Un autre exemple parlant ? Lors du développement de Dead Space, considéré – à raison - par certains observateurs comme le jeu le plus terrifiant de l'histoire, il somme son équipe d'analyser des photographies de cadavres ou de scènes de guerre, conscient que le gore est parfois cheap et irréaliste dans les jeux vidéo, et que « plus une créature est proche de nous, plus elle est perturbante ». « De nos jours, Internet est truffé de ce genre d'images, se justifie-t-il dans les colonnes d'Eurogamer. On trouve des trucs horribles, comme des personnes qui se tirent une balle dans la tête. Nous avons des tonnes de données de ce genre. [Les développeurs] les regardent avec attention et au bout d'un moment, ça ne les dérange plus. Comme un médecin ou une infirmière qui voit ça tous les jours ». L'ambition ? construire, pixel par pixel, le « jump scare » parfait. Celui auquel on n'échappe pas, même en y étant mentalement préparé, tant l'environnement est immersif et l'atmosphère oppressante.
Space abouti
C'est sans doute pour cela que Dead Space a tant marqué son temps. Dévoilé en octobre 2008, à une époque où Electronic Arts mise sur le renouvellement de licences récurrentes, le survival horror à la troisième personne apparaît comme un pari osé mais calculé, tant Glen Schofield maîtrise son sujet. Épris de science-fiction, fasciné par le travail de Ridley Scott ou de John Carpenter, il convainc les dirigeants d'EA, au terme d'une âpre négociation qui dure 18 mois, de le placer aux manettes d'une équipe dédiée au projet qu'il vend comme un « Resident Evil dans l'espace ». Pari gagnant : Dead Space est acclamé par la critique, se vend bien et collectionne les distinctions. Il ne participe pas au développement des itérations suivantes, en 2011 et 2013, préférant créer sa structure pour travailler sur Call of Duty. Mais déjà, il le sait : si l'occasion se présente, il reviendra au genre qui l'a consacré.

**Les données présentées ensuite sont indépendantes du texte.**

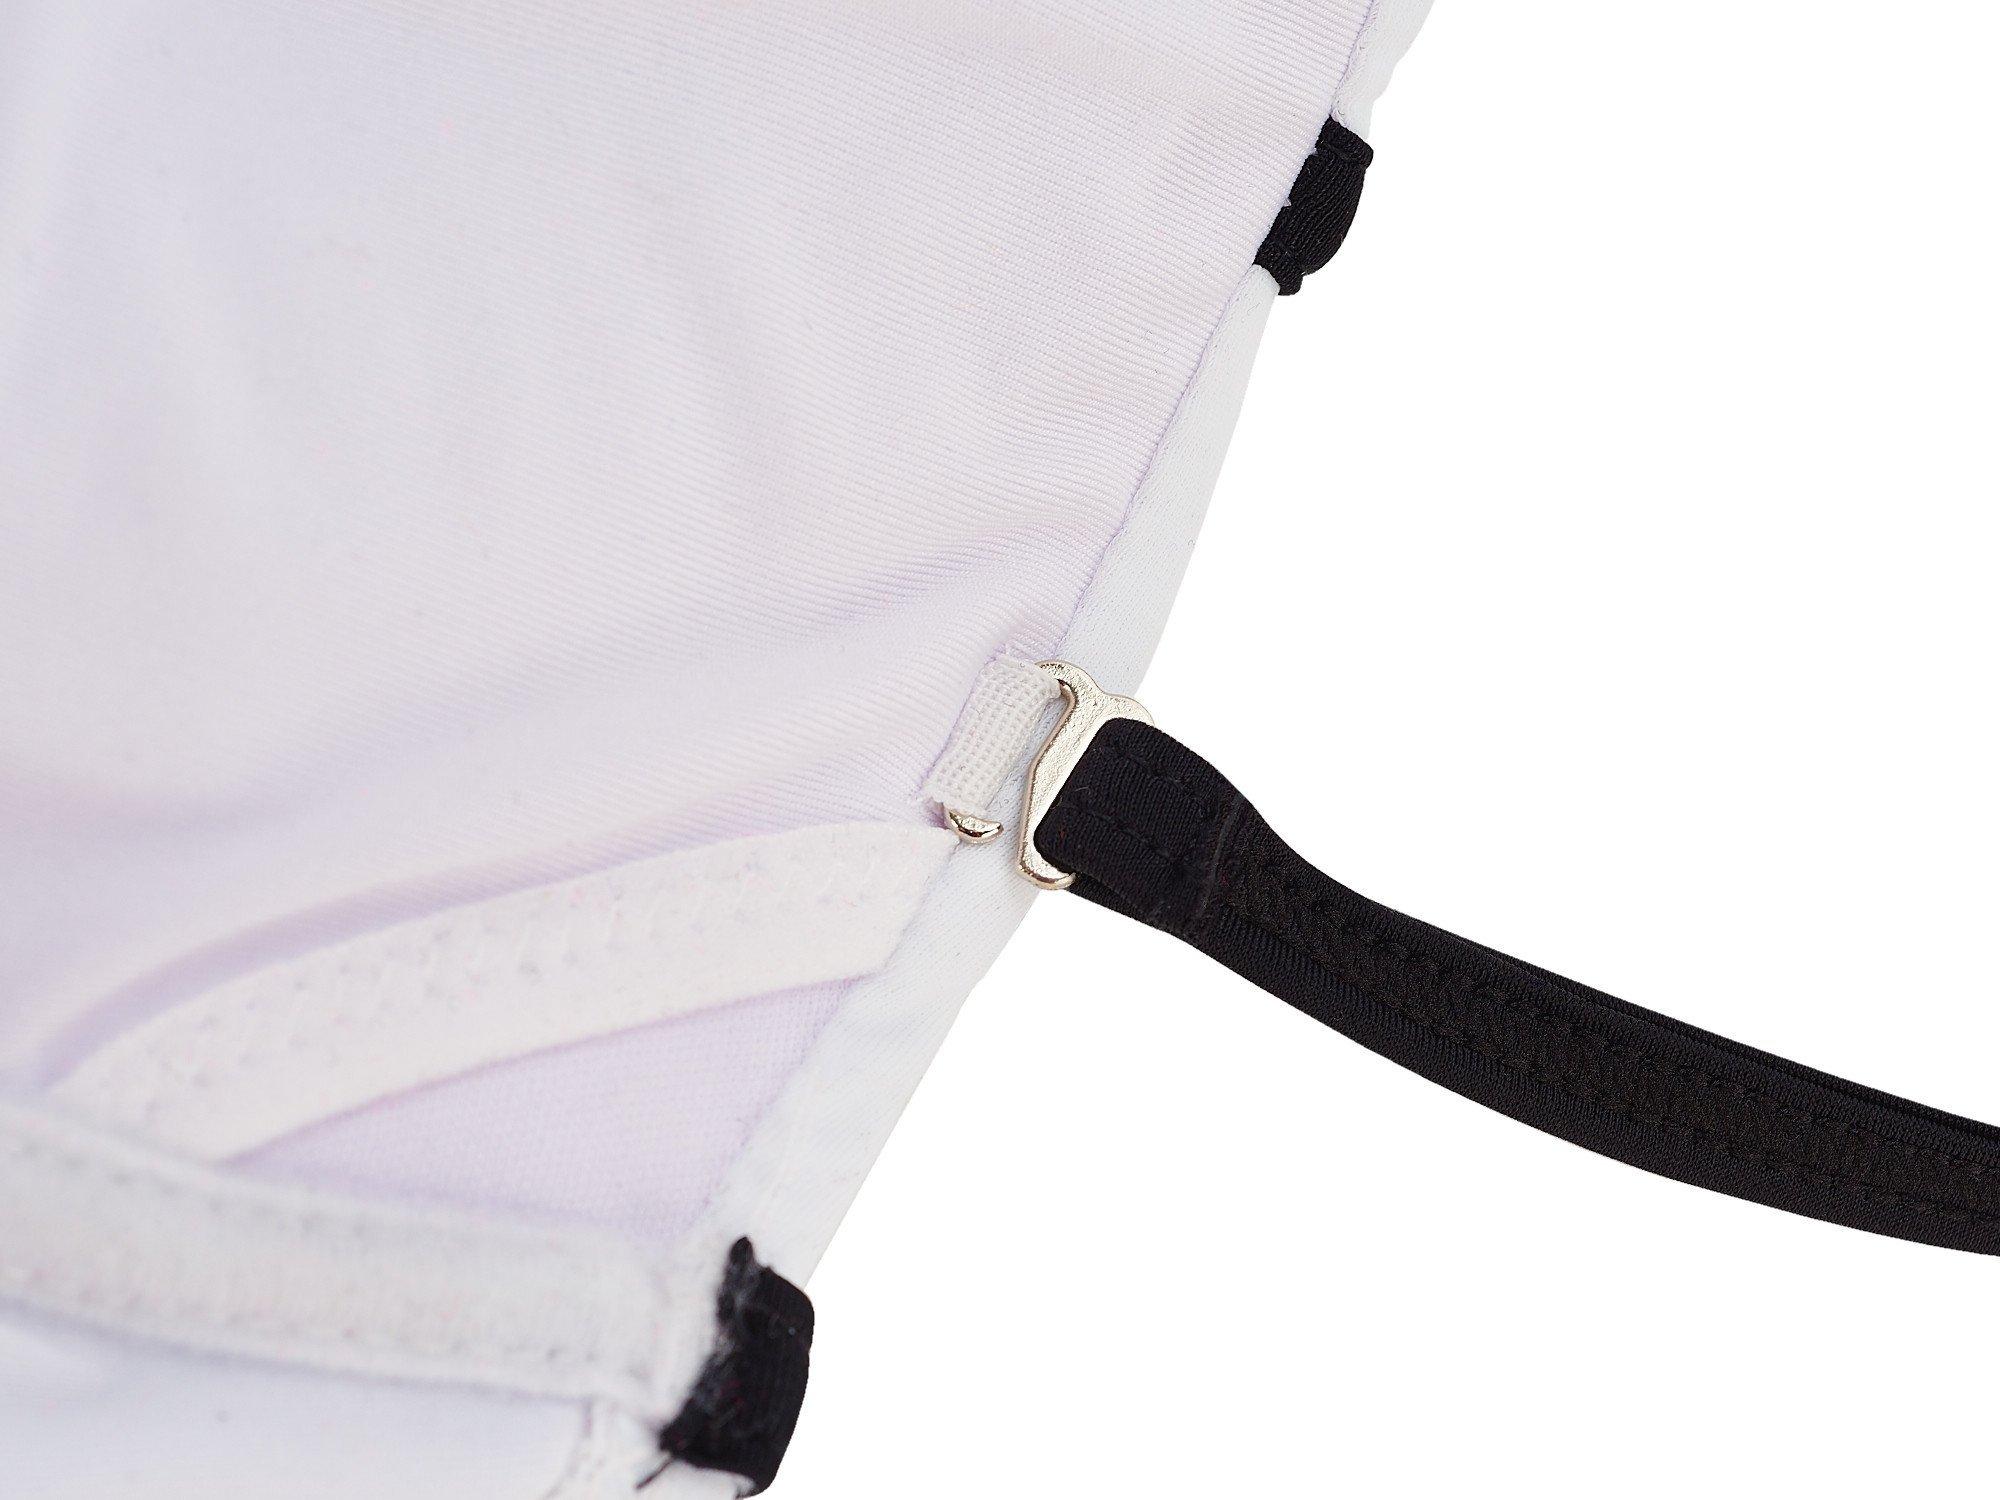 LA PLAGE Women's Colorful High Waist Padded Bathing Suit Size US XX-Large White by LA PLAGE (Image #7)

Avance rapide jusqu'en 2019. Libéré de ses obligations envers Activision, il s'offre une retraite spirituelle à Tucson, à quelques kilomètres de la frontière américano-mexicaine. Dans le désert de l'Arizona, où il passe plusieurs semaines à pondre un pitch qui lui ressemble, il conceptualise Meteor Down – survival horror dans l'espace qui deviendra The Callisto Protocol. « Chassez le naturel et il revient au galop », dit-on, et comme prévu, le concept partage de nombreuses similitudes avec l’œuvre majeure de son portfolio. « Picasso a dit : les bons artistes copient, les grands artistes volent. Pourquoi ne pas me voler ma propre idée ? » se persuade-t-il, à raison. Armé d'une présentation Powerpoint et d'un scénario d'une trentaine de pages, il démarche plusieurs éditeurs. Il s'entend, finalement, avec un partenaire original : la société coréenne PUBG Corp, devenue Krafton, qui aspire à diversifier son catalogue avec le « Call of Duty guy ». Le contrat est signé lors du DICE Summit 2019 : Glen Schofield a carte blanche pour fonder un studio, qu'il baptise Striking Distance. Développé dans un contexte de pandémie, The Callisto Protocol a été dévoilé le 2 décembre dernier et propose d'incarner Jacob Lee, un spationaute incarcéré dans un centre pénitentiaire qu'il partage avec d'affreuses bestioles mutantes. Hasard du calendrier : dans un mois, le jeu aura le remake de Dead Space pour principal rival. L'occasion, pour Glen Schofield, de montrer qu'il n'est pas étranger au succès du jeu original. Pas de quoi le stresser, cependant : « Dans l'histoire du jeu vidéo, je dois être le seul développeur à me retrouver concurrencé par mon propre jeu ».
The Callisto Protocol est disponible sur PC, PS5, PS4, Xbox Series X/S et Xbox One.